Delaney: Another Infrastructure Week, Another Year of Partisan Gridlock
WASHINGTON – As Infrastructure Week begins, Congressman John K. Delaney (MD-6) calls on the White House and congressional leaders to prioritize infrastructure and to embrace a bipartisan approach. Since 2013, Congressman Delaney has been the leading advocate for using revenues from international tax reform to rebuild America’s infrastructure. This year, Fortune named Congressman Delaney one of the World’s Greatest Leaders for working across the aisle.
“Another Infrastructure Week, another year without the big transformative infrastructure bill that we need. For the sake of our country’s future, I hope next year we’re celebrating the implementation of an actual solution,” said Congressman Delaney. “President Trump and congressional leaders need to listen to the smart policy analysts and state and local officials that will be making the case this week, because every day we don’t act is a day that repairs get more expensive and a day that our roads get more dangerous. We have years of evidence that pushing one-party plans will only mean one thing: nothing will get done. I am worried that the American people will be the victim of a bait and switch by the President, big talk about infrastructure followed by a hollow plan dominated by a tax break for private projects that were already going to happen – that’s not going to cut it. The good news is that we have a bipartisan solution ready to go and an approach that pencils out and has the votes. Let’s fix our broken international tax code and use a portion of the revenues we bring back to build infrastructure.”
During the last two Congresses, over 40 Democrats and 40 Republicans have cosponsored Delaney legislation to fund and finance new infrastructure investment using revenues from repatriation.

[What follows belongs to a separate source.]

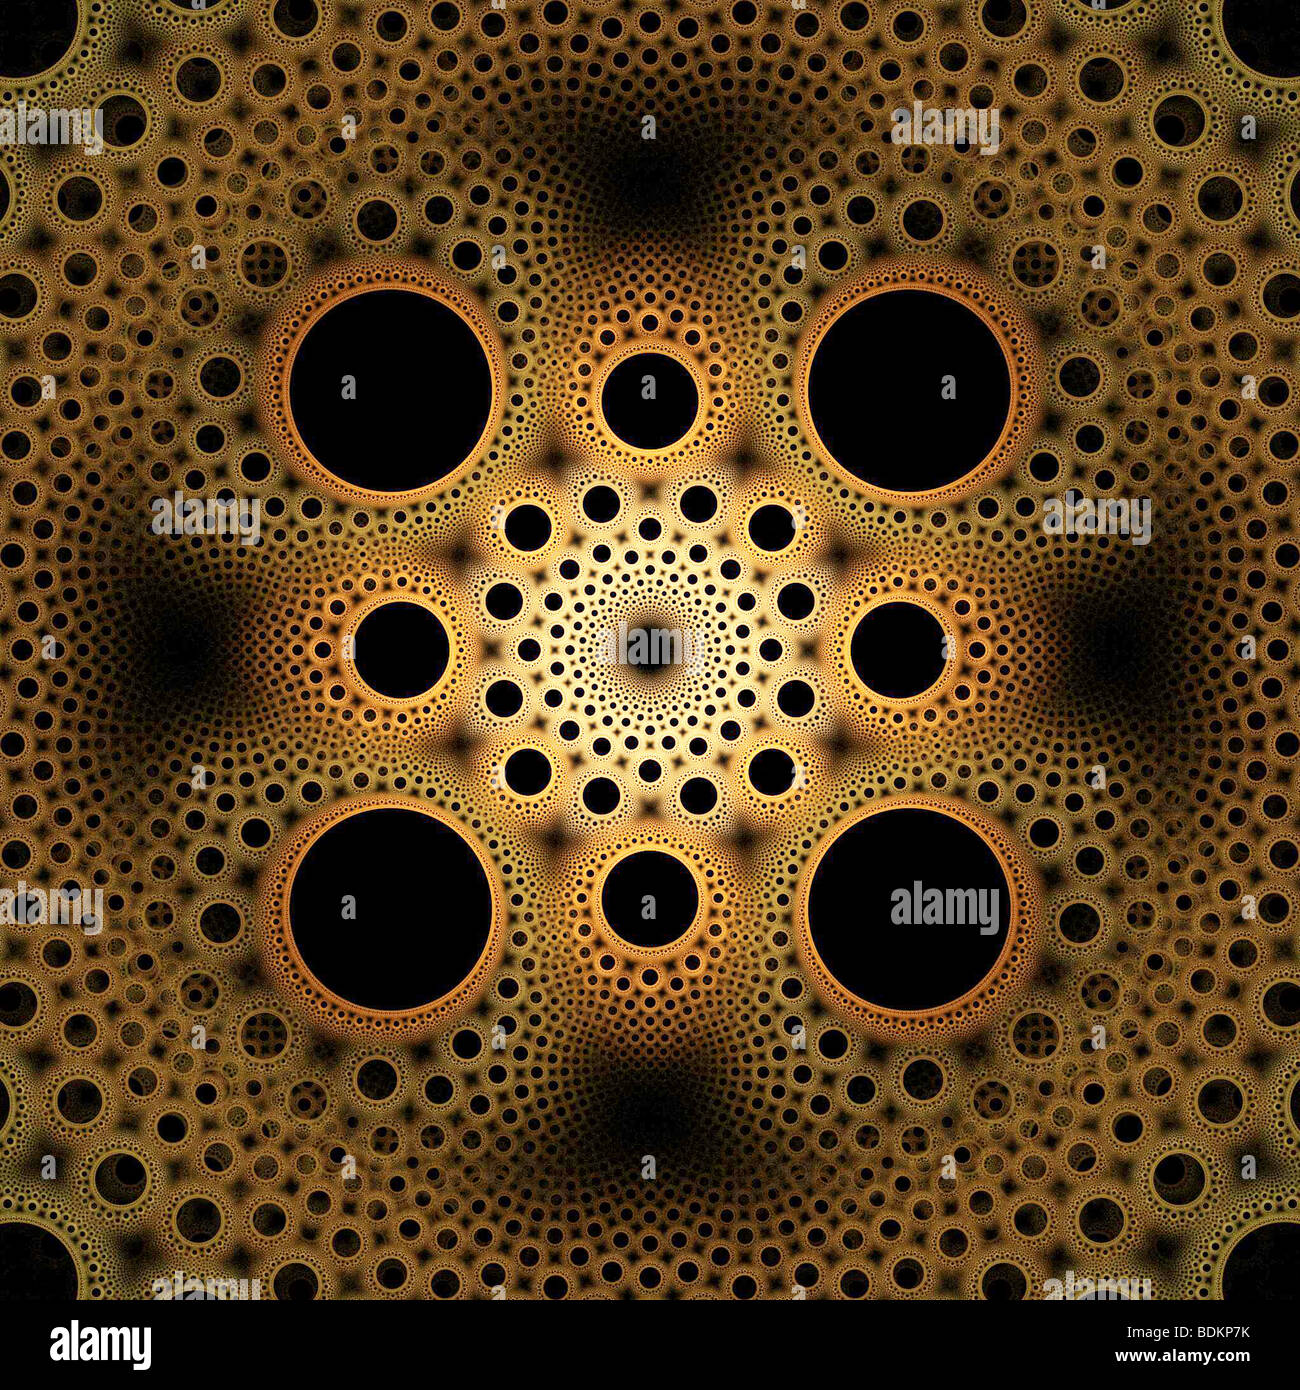 Image générée par ordinateur d'une fractale de flammes. Flammes fractales sont membre de la fonction itérée classe système de fractals Banque D'Images

Delaney is a Co-Chair of the New Democrat Coalition’s Task Force on Infrastructure.
The Partnership to Build America Act (H.R. 1669)
The American Infrastructure Fund
- The Partnership to Build America Act creates the American Infrastructure Fund (AIF) to provide financing to state and local governments for new infrastructure.
- Transportation, energy, communications, water and education projects are eligible to receive AIF financing. Local governments would apply directly to the AIF for support.
- To encourage public-private partnerships 35% of AIF supported projects must have at least 10% of their financing be private debt or equity.
- The AIF will be capitalized by $50 billion in infrastructure bond sales and leveraged at a 15:1 ratio to provide up to $750 billion in loans or guarantees.
Funded by an Infrastructure Bond Sale
- Rather than using appropriated funds out of the federal budget to establish the American Infrastructure Fund, the Partnership to Build America Act uses a bond sale.
- AIF bonds would have a 50-year term, pay a 1% fixed rate return and would not be guaranteed by the U.S. government. These bonds are not intended to be a good investment on their own and are transferable after purchase.
- To incentivize companies to purchase these bonds, U.S. companies would be allowed to repatriate a certain amount of their overseas earnings tax free for every $1.00 they invest in the bonds. This multiplier will be set by a “reverse Dutch auction” – which allows the market to set the rate, ensuring that enough funds are raised.
- Assuming a 1:4 ratio is set by the auction; a company will be able to repatriate $4.00 tax-free for every $1 in AIF bonds they purchase.
The Infrastructure 2.0 Act (H.R. 1670)
Building a World Class 21st Century Infrastructure with Revenue from Deemed Repatriation at 8.75% Tax Rate
- Under the Infrastructure 2.0 Act, existing overseas profits accumulated by U.S. multi-national corporations would be subject to a mandatory, one-time 8.75% tax, replacing deferral option and current rate of 35%.
- $120 billion to the Highway Trust Fund, enough to meet funding gap at increased levels for six years.
- $50 billion to capitalize the American Infrastructure Fund (AIF)
- $25 million pilot program to create regional infrastructure accelerators, similar to the West Coast Infrastructure Exchange
- This frees the estimated $2 trillion in overseas earnings to return to the United States, spurring private sector re-investment and growth.
Creating Long-term Highway Trust Fund Solvency and Policy Certainty
- The Infrastructure 2.0 Act provides six years of Highway Trust Fund solvency, providing immediate certainty to the private sector and policymakers.
- The legislation also establishes a bipartisan and bicameral commission that is tasked with developing a solution for permanent solvency of the Highway Trust Fund.
Building a Path for Broader Tax Reform
- The Infrastructure 2.0 Act creates an eighteen-month deadline for international tax reform.
- To encourage action, the legislation includes a forcing function: if reform is not enacted, a fallback international tax package to make U.S. business climate more competitive would be implemented.
- This pro-growth fallback reform package would end deferral, reduce anti-competitive over taxation, decrease taxes for companies paying fair rates abroad but increase taxes for companies in tax havens. This would eliminate the lock-out effect and allow for the free flow of profits back to the United States.
- Under this option, for Active Market Foreign Income, a company would pay a 12.25% tax to the U.S. on overseas profits if they are currently paying no tax and a 2% tax to the U.S. if they are already paying the OECD average of 25% abroad, with a sliding scale in-between.